Compressed sensing is about 10 years old (though it had precursors). Such luminaries as Terence Tao, Emanuael Candes, and David Donoho started working on the techniques about a decade ago, and many researchers are currently working on generalizing, improving, and applying compressed-sensing-based techniques. As we will see, compressed sensing can be applied to signals that are (linear) combinations of a small number of signals taken from a (generally very) large database of signals—and this is the critical “characteristic” that the signal must have. In compressed sensing, the compression step is simple, but decompressing the data takes more work. Compressed sensing is particularly useful when the units performing the compression are relatively simple—say, sensors with small embedded microcontrollers—but the unit performing the decompressing has a relatively strong processor and is capable of running sophisticated software—say, a desktop computer running Mathwork’s MATLAB.

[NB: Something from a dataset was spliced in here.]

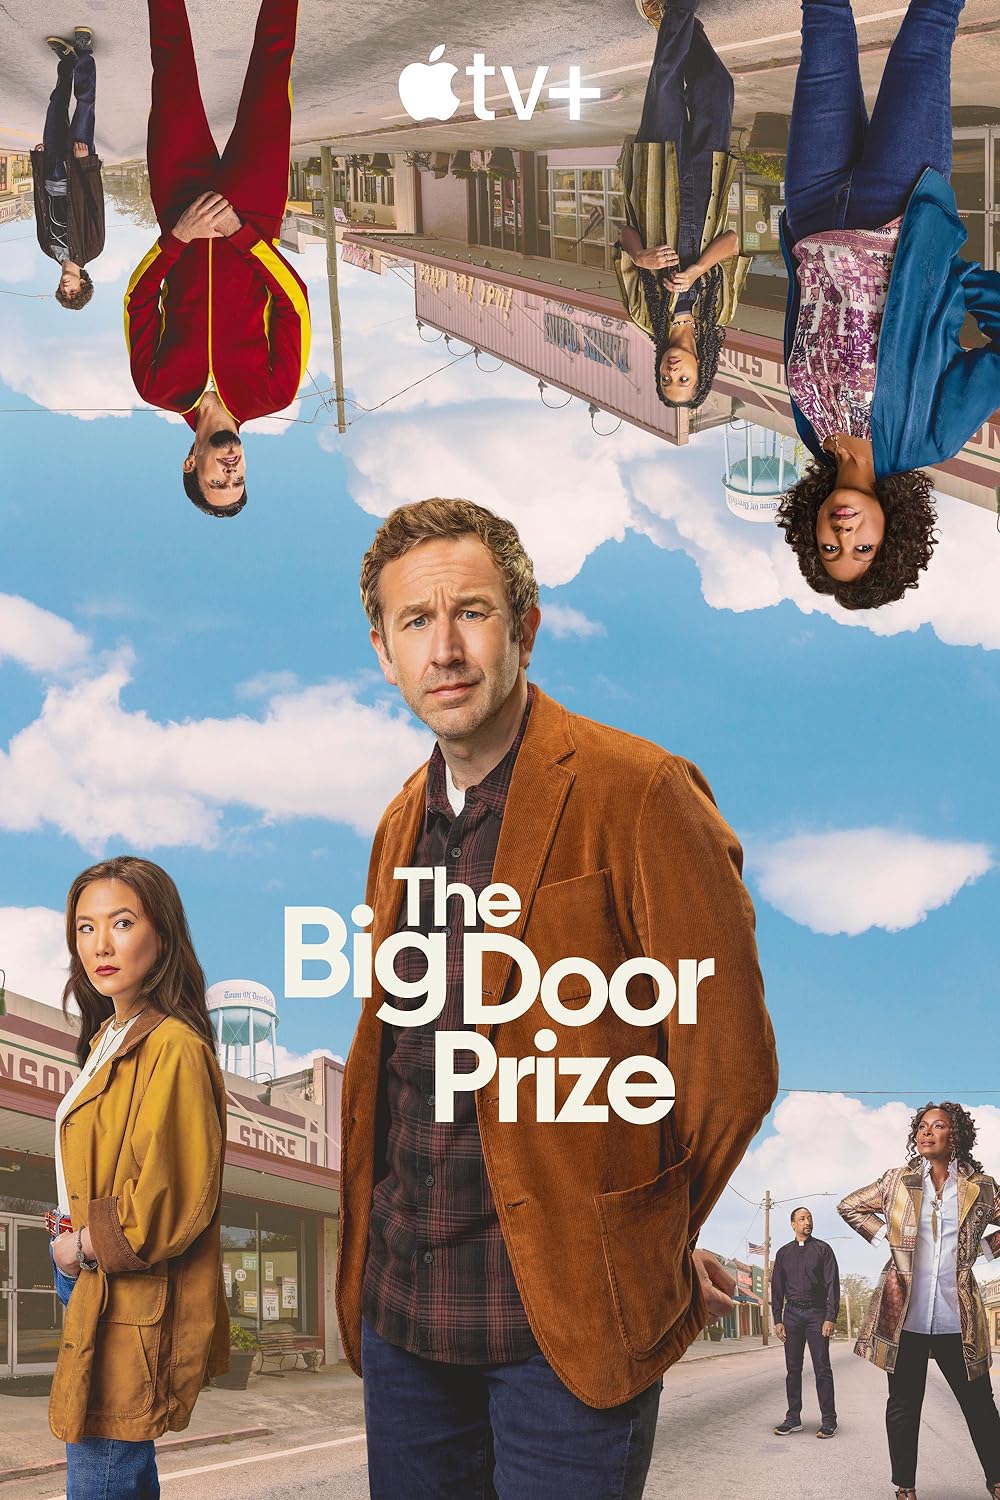 The Big Door Prize Season 2 (April 24, Apple TV+)Return to the quaint town of Deerfield in the second season of

In the next section, we present a bit of the mathematical theory of compressed sensing. Hopefully, it will bring back (pleasant) memories of linear algebra courses and will give a small taste of some of the mathematics used in this field even to those who have not had the pleasure of a well-taught linear algebra course.
COMPRESSED SENSING: THE MATHEMATICS
Let B be a matrix with N columns and M rows. B is the database of signals. Each of the N columns of B represents one signal from the database, and each of the M elements of the column is a sample of that signal. Let x be a vector with N elements. Then Bx is a linear combination of the columns of B. The hypothesis that allows us to compress our measurements is that the signal we measure, y, satisfies y = Bx, where x is “sparse”—x has few nonzero entries. That means y has M elements and is a linear combination of a few of the columns of B (of a few elements in the database).
The compression step in compressed sensing is very simple. You take a matrix A with M columns and L << M rows and you calculate z = Ay. (The value of L is dependent on just how many nonzero elements x can have and on the size of the database. For more information, refer to Shai Shalev-Shwartz’s paper, “Compressed Sensing: Basic results and Self-Contained Proofs.”) The vector z is the compressed measurement and has L elements rather than M elements—and that can be a big savings.
As a rule, Ay = ABx = z is an equation in which there are more unknowns, elements of x, than equations. In linear algebra, we learn that such equations generally have an infinite number of solutions. We will see that sometimes it is possible to make use of the sparseness of x to find the solution of the equation for which we’re looking—the solution for which x is sparse. The big question is for which matrices AB is it possible to find x (and then y = Bx) from the compressed measurements, z. Not every matrix will do.
SIMPLE BUT IMPRACTICAL CONDITION ON A B
We know that the signal, y, satisfies y = Bx, where the vector x has very few nonzero elements. Therefore, what really need to know is this: Given z, B, and A, is it possible to find the solution x of z = ABx for which x has very few nonzero terms? It is simple to show that if any s columns of AB are linearly independent, then any solution of z = ABx for which x has s/2 or fewer nonzero elements is unique. (Refer to the sidebar, “Proof for the Simple but Impractical Condition.”) If we know that the condition on AB holds, then we know that any solution with s/2 or fewer nonzero elements is unique—and by assumption, it is just such sparse solutions that we are searching for.
How do you pick a matrix A for which the condition will hold? In principle, as long as the dimensions have been picked in a reasonable way, taking a random matrix A ought to do the trick. Why? Because being linearly dependent is not something you expect of a random set of vectors that has the same or fewer elements than the dimension of the space in which they live. Consider two vectors in a two-dimensional space. For the two vectors to be linearly dependent, one vector has to be a constant multiple of the other. If you draw two vectors at random, the chance that they both point in the exact same dimension is miniscule.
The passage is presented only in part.